The stratification theories are perhaps more realistic and complex.
I’m most surprised at how the class-conflict based theories are reflected in what for me are the major lenses into the zeitgeist of contemporary U.S. politics. This may be because I’m very disproportionately surrounded by Marxist-influenced intellectuals. But it is hard to miss the narrative that the white working class has rejected the alliance between neoliberal capital and low-wage immigrant and minority labor. Indeed, it is arguably this latter alliance that Nancy Fraser has called neoliberalism. This conflict accords with the split labor market theory. Fraser and other hopeful socialist types argue that a triumph over identity differences is necessary to realize racial conflicts in the working class play into the hands of capitalists, not white workers. It is very odd that this ideological question is not more settled empirically. It may be that the whole framing is perniciously oversimplified, and that really you have to talk about things in a more nuanced way to get real headway.

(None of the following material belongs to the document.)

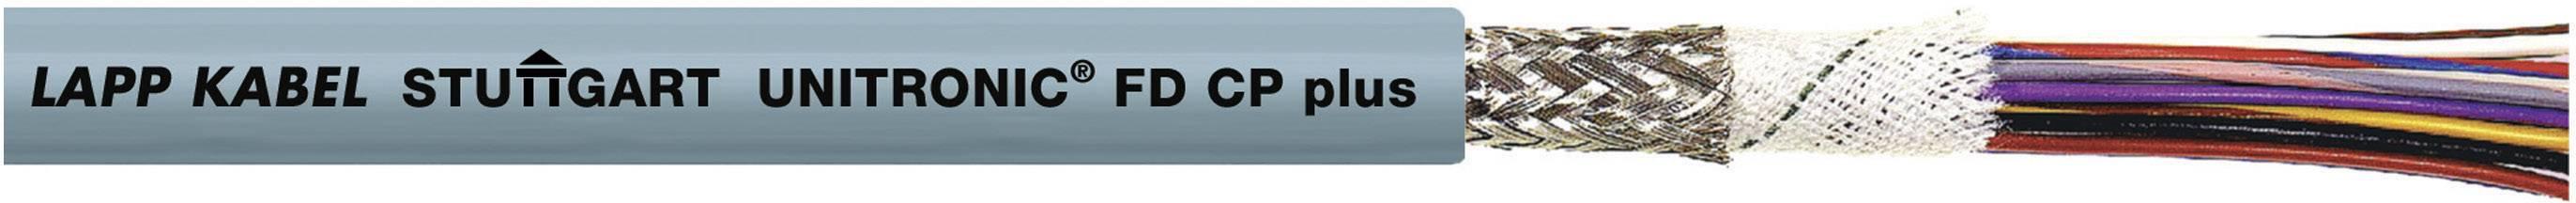 Datový kabel LappKabel UNITRONIC FD CP PLUS 2X0,34 (0028898), 2x 0,34 mm², Ø 5,3 mm, stíněný, 500 m, šedá
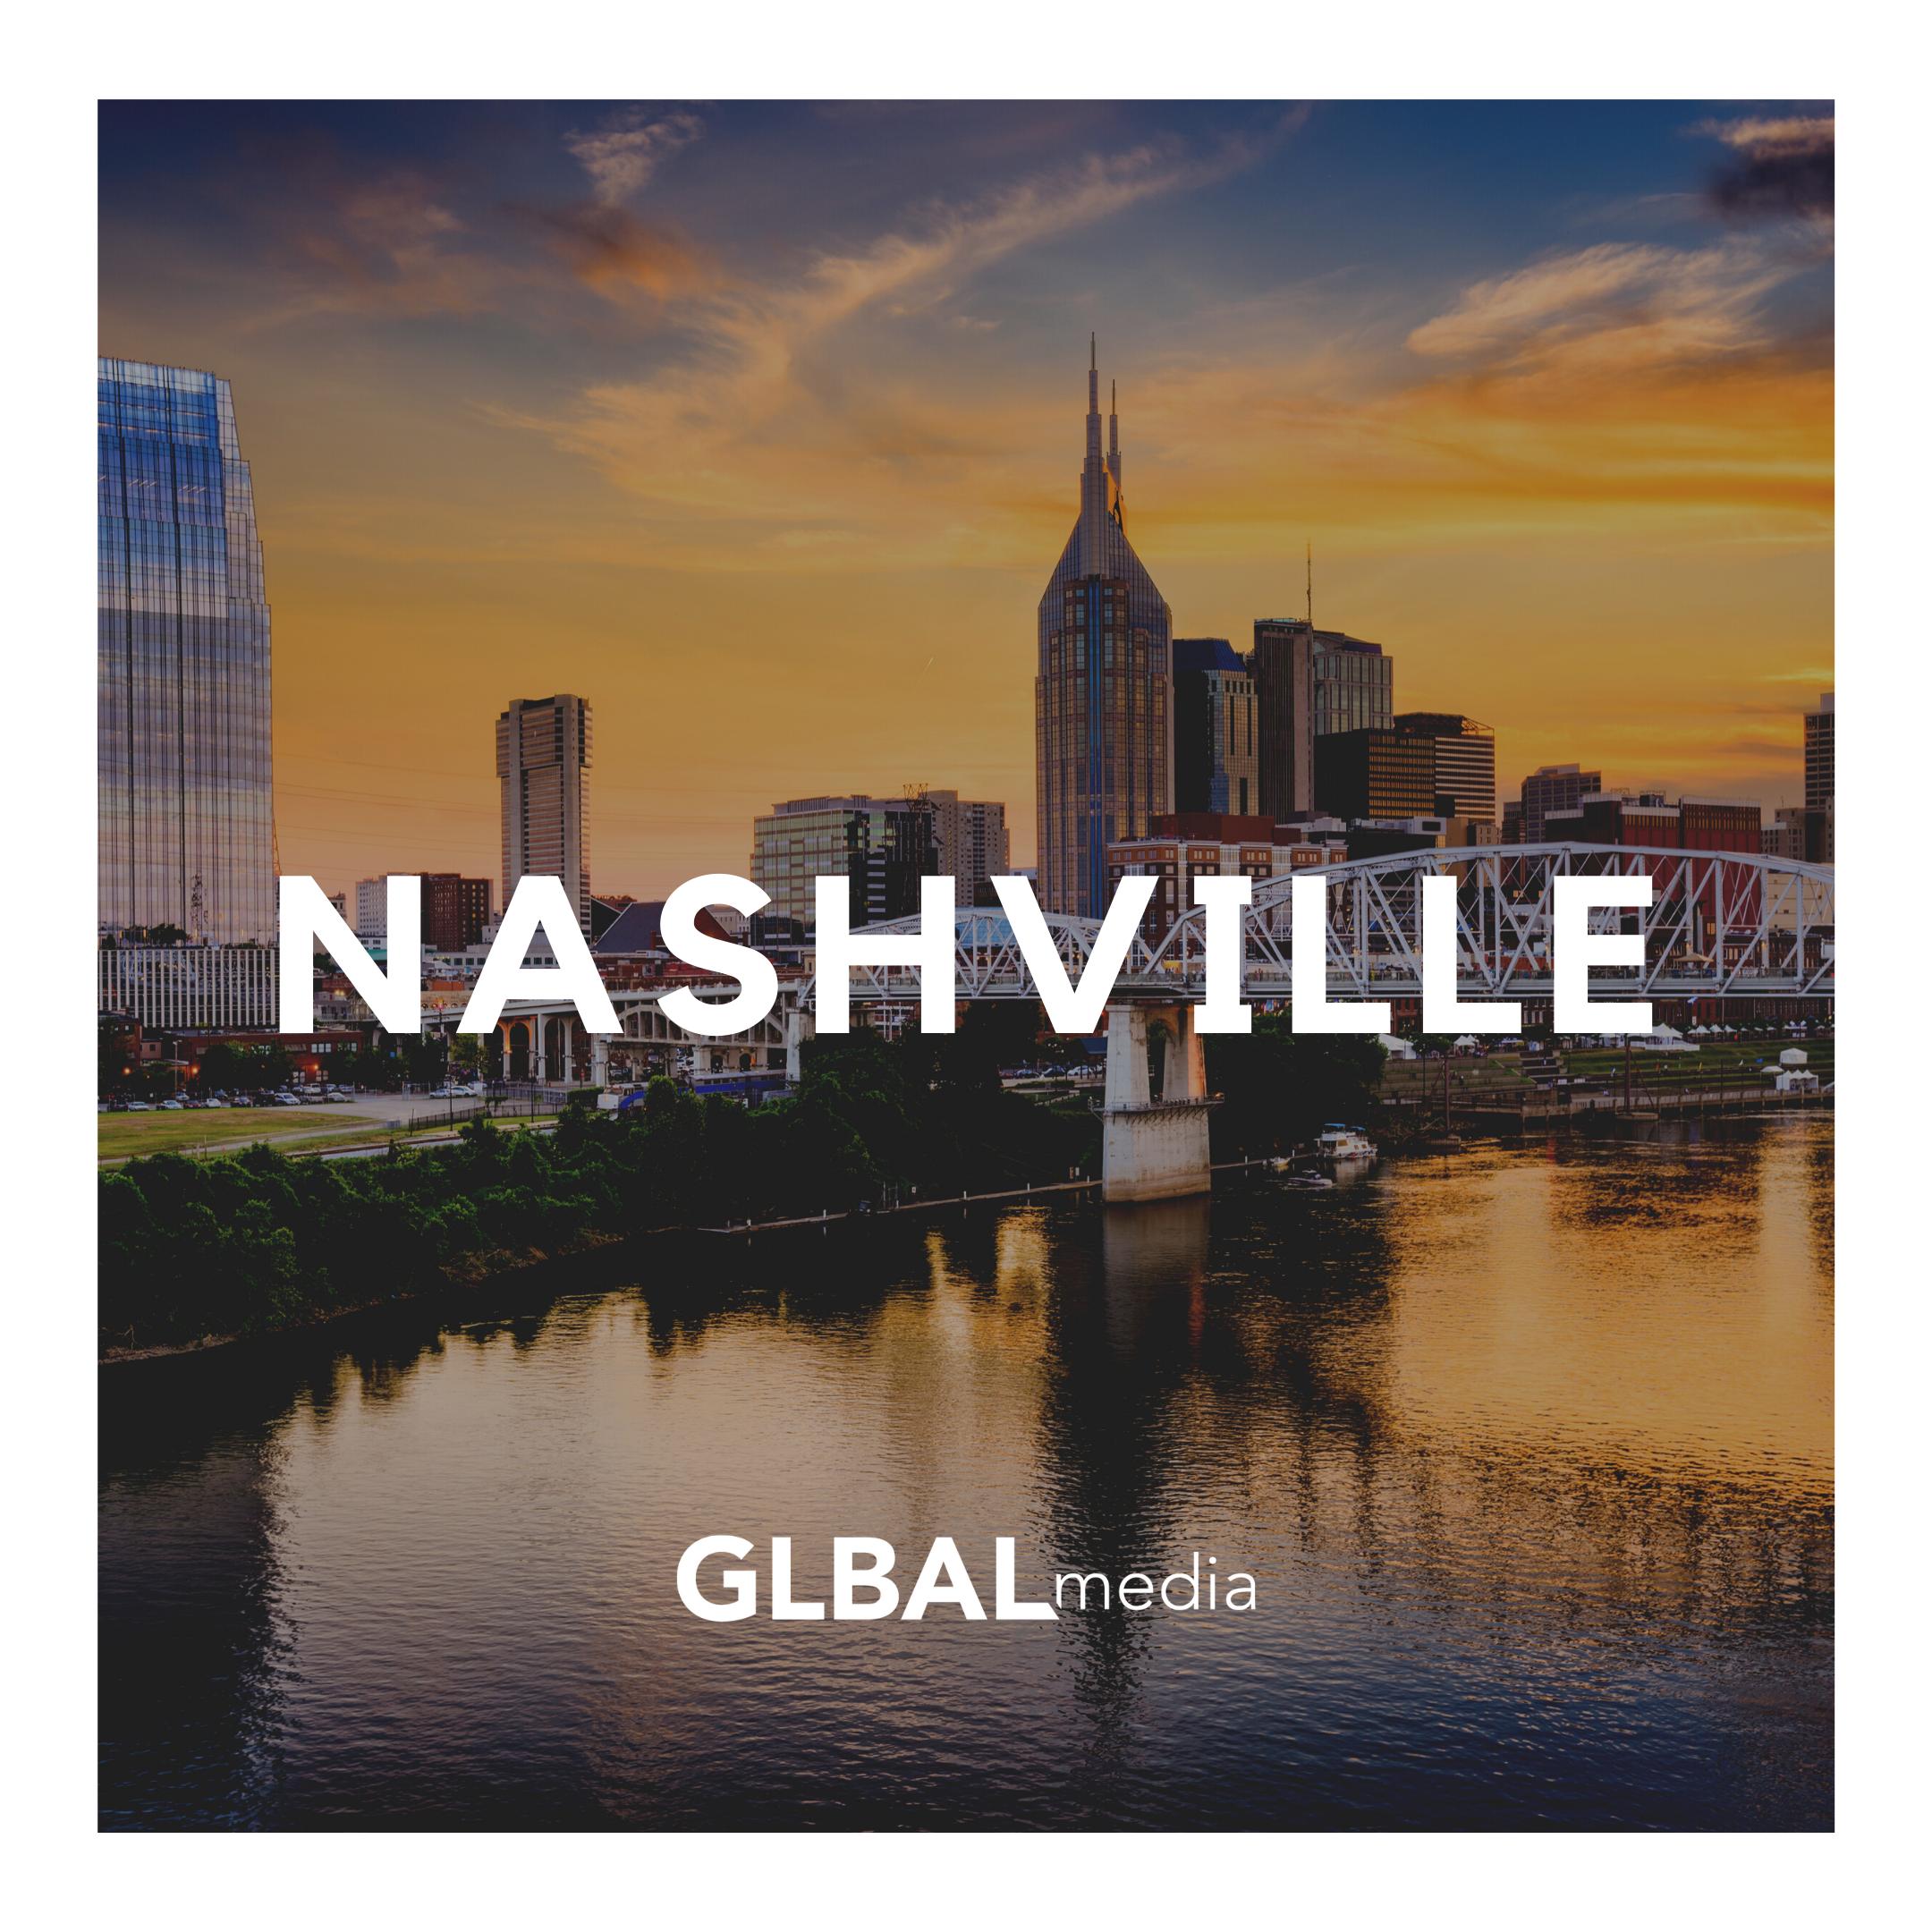 GLBAL media expands to Nashville

Unless of course there isn’t any such real hope. This was an interesting part of the stratification theory: the explanation that included an absence of agency. I used to study lots and lots of philosophy, and in philosophy it’s a permissible form of argument to say, “This line of reasoning, if followed to its conclusion, leads to an appalling and untenable conclusion, one that could never be philosophically satisfying. For that reason, we reject it and consider a premise to be false.” In other words, in philosophy you are allowed to be motivated by the fact that a philosophical stance is life negating or self-defeating in some way. I wonder if that is true of sociology of race. I also wonder whether bleak conclusions are necessary even if you deny the agency of racial minorities in the United States to liberate themselves on their own steam. Now there’s globalization, and earlier patterns of race may well be altered by forces outside of it. This is another theme in contemporary political discourse.
Once again Omi and Winant have raised the specter of “colorblind” policies without directly critiquing them. The question seems to boil down to whether or not the mechanisms that reproduce racial inequality can be mitigated better by removing those mechanisms that are explicitly racial or not. If part of the mechanism is irrational prejudice due to some hindbrain tick, then there may be grounds for a systematic correction of that tick. But that would require a scientific conclusion about the psychology of race that identifies a systematic error. If the error is rather interpreting an empirical inequality due to racialized policies as an essentialized difference, then that can be partially corrected by reducing the empirical inequality in fact.
It is in fact because I’m interested in what kinds of algorithms would be beneficial interventions in the process of racial formation that I’m reading Omi and Winant so closely in the first place.